Wednesday, October 17, 2007

Kobe Departure? This Ride Could Make Laker Faithful Queasy

After the latest wild spin on the Kobe Coaster, another 24-hour scramble of disorienting turns and steep drops with No. 24, things were actually pretty clear at the end of the ride.
So clear that the end of the Kobe Bryant Era in Lakerland has never seemed closer.
The events of a zany Tuesday allowed for no other conclusion. You inevitably wondered, once your stomach settled, if the Lakers are going to have to live like this for the rest of Bryant's days in purple and gold, however many are left, with the smothering expectation that he's headed to the airport any minute.
It's difficult to believe otherwise when Kobe asks to skip his third successive practice to give his legs some rest … and is promptly asked by reporters if he thinks he's played his last game as a Laker.
It's especially difficult to imagine a different ending when the famously quotable and revealing Phil Jackson responds to almost every Kobe question he gets by saying he either can't comment or doesn't know the answer.
The Zen Master? At a loss for words? Dark days, indeed.
The Lakers, according to NBA front-office sources, have no looming intentions to initiate any Bryant trade discussions and would still prefer to hang onto to their most popular player since Magic Johnson. There is nonetheless a growing belief around the league that the proposals will be flooding in now and that Bryant will indeed be moved -- possibly even before the season starts -- after last week's admission from Lakers owner Jerry Buss that he "would certainly listen" to trade offers for Bryant in the wake of Kobe's loud declaration last May that he wants out … and Kobe's subsequent refusals to recant the request.
So edgy is Lakerland that Bryant, after dodging the media for a few days, was forced to address reports Tuesday that he has already cleaned out his locker at the team's practice facility. One team source insisted to ESPN.com that Bryant indeed removed his personal belongings, but Bryant and agent Rob Pelinka told ESPN The Magazine's Ric Bucher that Kobe had merely cleaned up his locker after Monday's practice, leaving plenty behind.
Yet such is the tension around the team now that Bryant can't sit out a practice without sparking an immediate panic that he's leaving for Chicago or Dallas, with multiple sources insisting that Bryant -- who possesses the league's only active no-trade clause -- lists the Mavericks as his No. 1 destination.

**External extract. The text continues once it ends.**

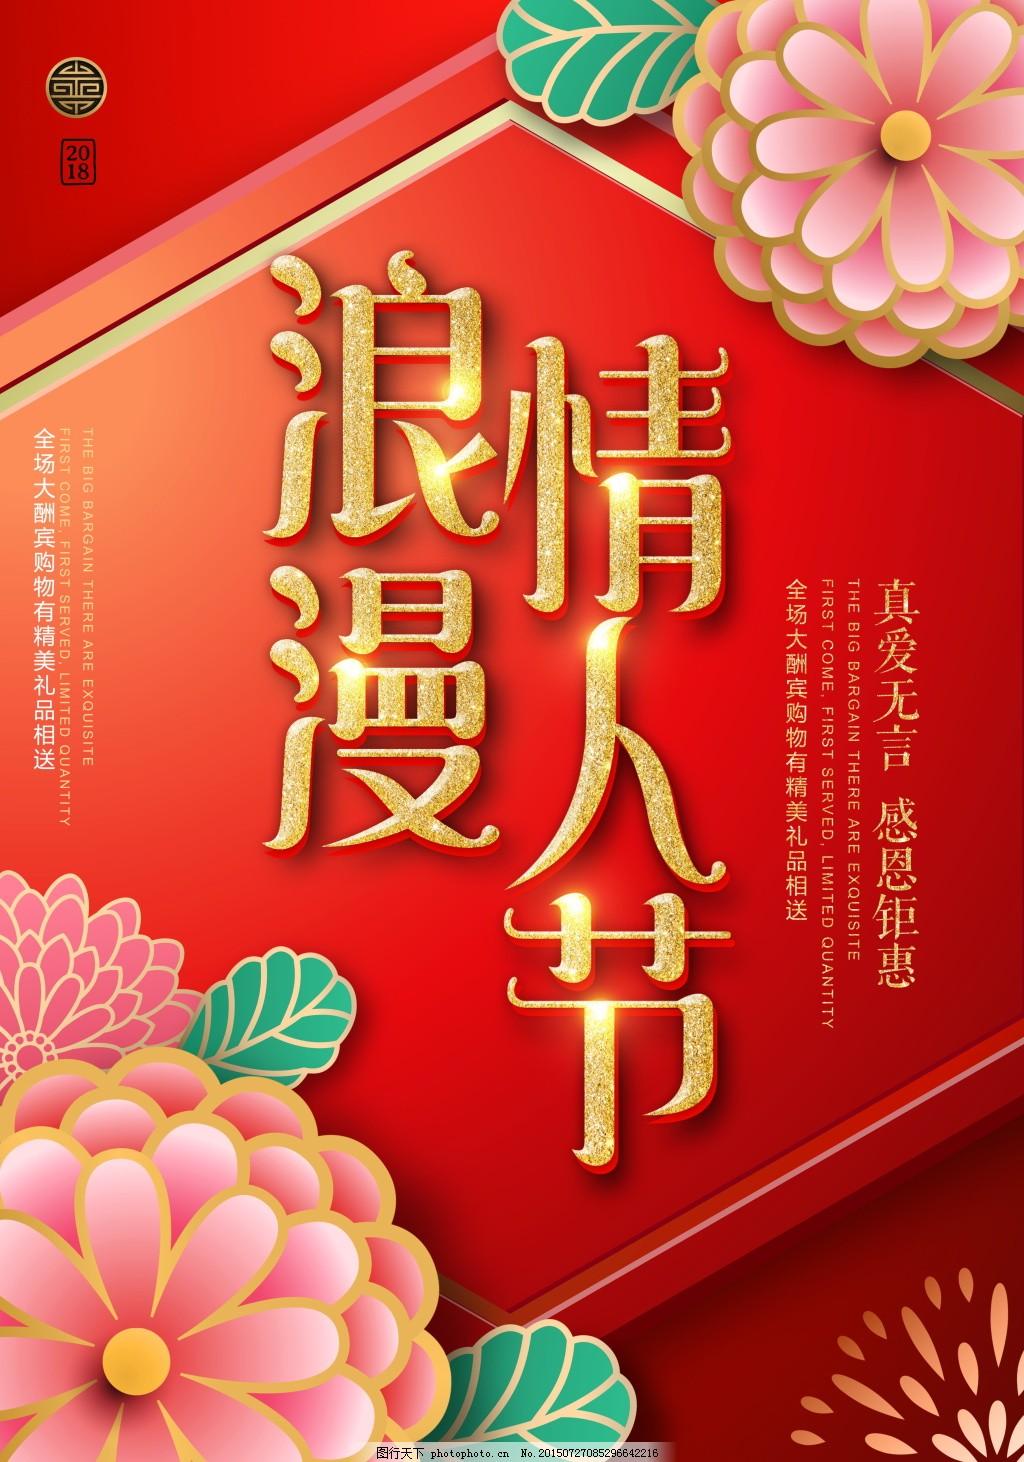 红色浪漫情人节海报设计 爱的礼物 爱心 粉色 红色心 花朵 花卉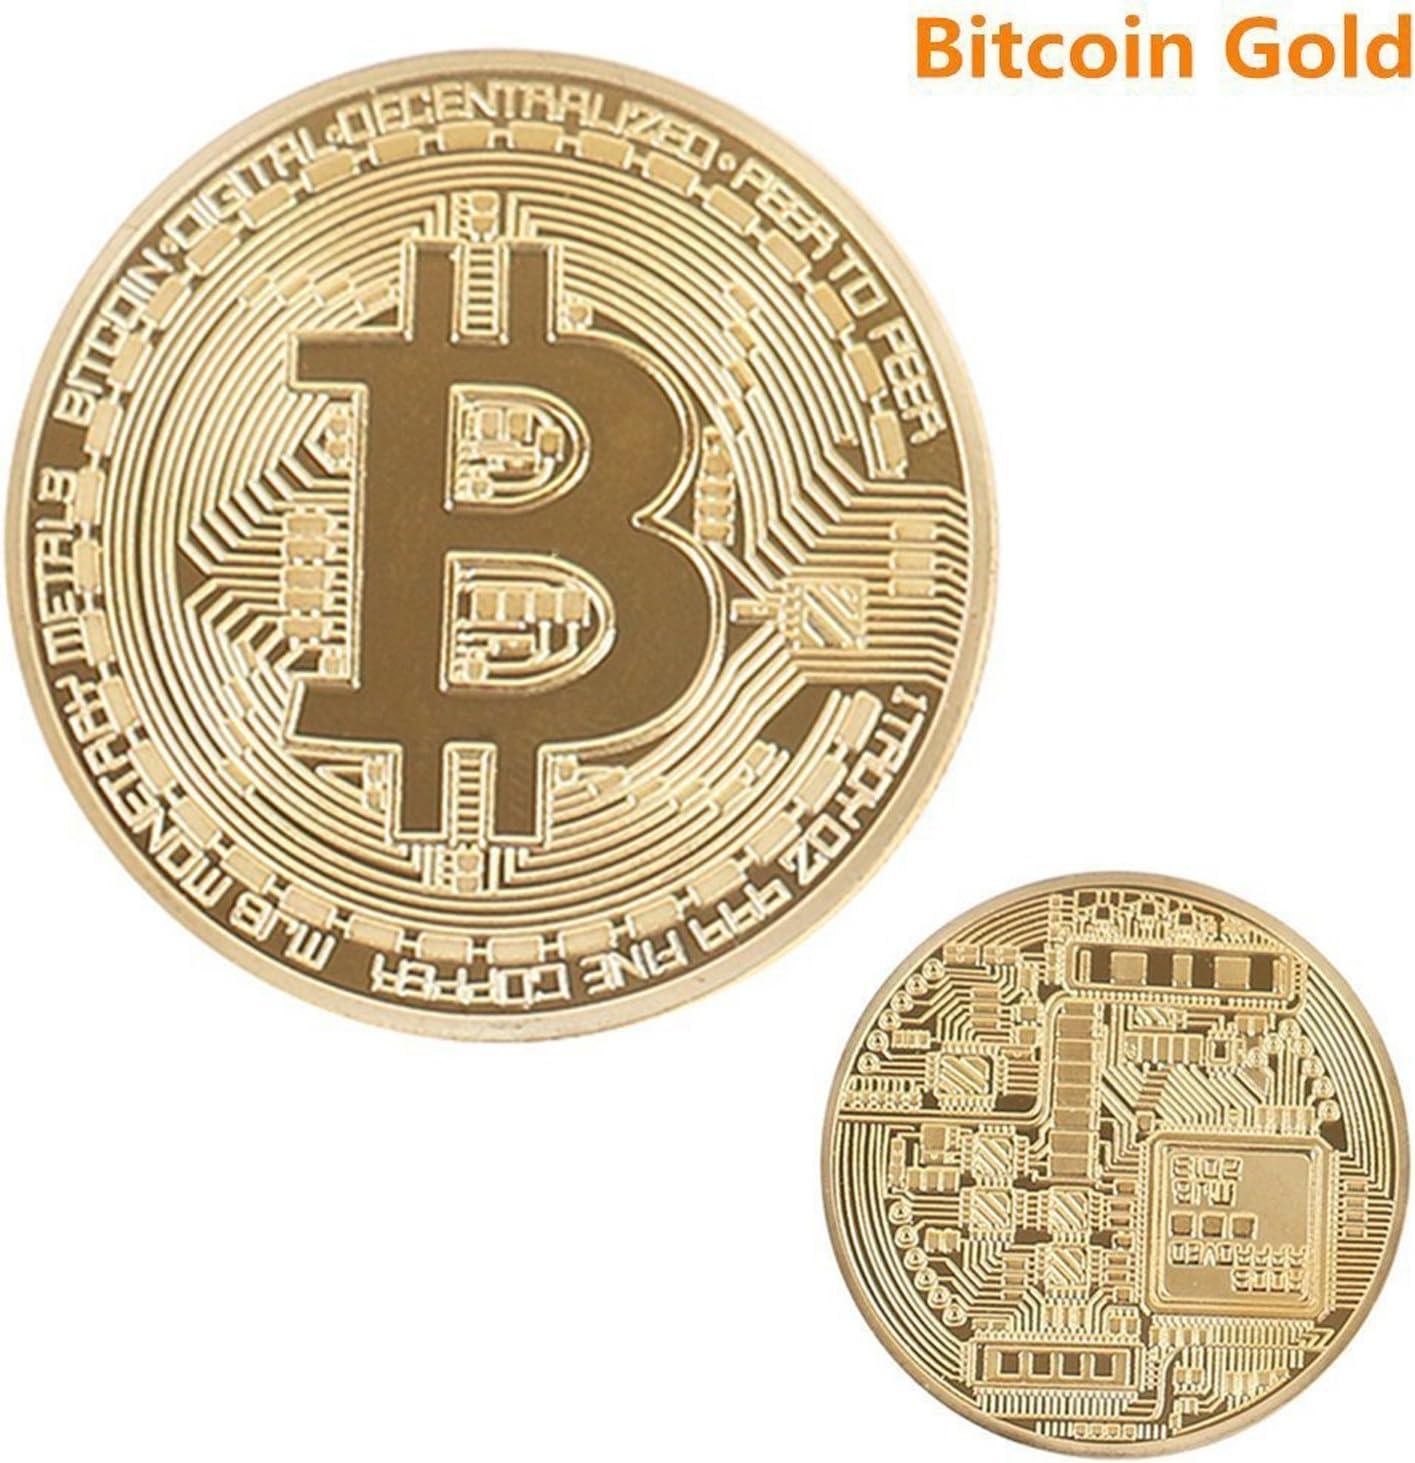 Bitcoin desafío moneda Classic Set de coleccionista | la edición limitada original dorado y bañado en plata y hecho de cobre rojo puro conmemorativa fichas w/una pantalla de plástico caso (Set de

It's a tension Kobe created, of course, when he demanded a trade nearly five months ago with a slew of critical comments aimed at the organization that helped make him a worldwide brand and which backed him steadfastly through a sexual-assault trial in the 2003-04 season. But Buss' comments -- which Bryant admitted Tuesday "caught me off guard a little bit '' -- appear to have permanently changed the dynamic.
Those comments marked the first-ever acknowlegment from the Lakers of any openness to parting with Bryant, after months of scoffing at the mere suggestion.
Fears that Bryant might skip training camp or hold out for a time in an attempt to force the Lakers to move him proved unfounded. The 29-year-old reported for camp on time and with the apparent intention to put the turbulence of the offseason behind him, announcing that he was prepared to move forward with the only team he has ever played for. "Priority No. 1 for me," Kobe said on Oct. 1, "is to bring the title back here in Los Angeles."
The healing didn't even last 10 days, though. In that short span, Bryant's status was officially changed from the ultimate untouchable to stunningly available.
Jackson tried, in the wake of Buss' revelations, to remind us all that the owner's "initial statement was that we're not interested in trading Kobe Bryant." The coach, however, has since conceded that the resulting uncertainty has been a "distracting thing" for Bryant and the team and backed even further away from a hopeful tone when he met with L.A. reporters for a post-practice briefing Tuesday.
Asked if Bryant would play in Thursday's exhibition in Bakersfield against Seattle, Jackson said: "I can't comment on that."
Asked if Bryant would at least be with the team for that game, Jackson said: "I don't know about that, either."
Told that his no-comments could give the impression that a Bryant trade was imminent, Jackson said: "I can't comment on that. There's nothing imminent. So I can't comment on anything imminent."
Asked finally if he thinks Bryant has played his last game in purple and gold, Jackson said: "I can't comment on that. I don't know that at all. I mean, who knows that? Do you know it? We just can't comment on that. There's certain things I think that have to be discussed and will be and then we'll move forward from there."
Make that nervously forward … and headed for a Hollywood blockbuster (deal) that seems more inevitable than ever before.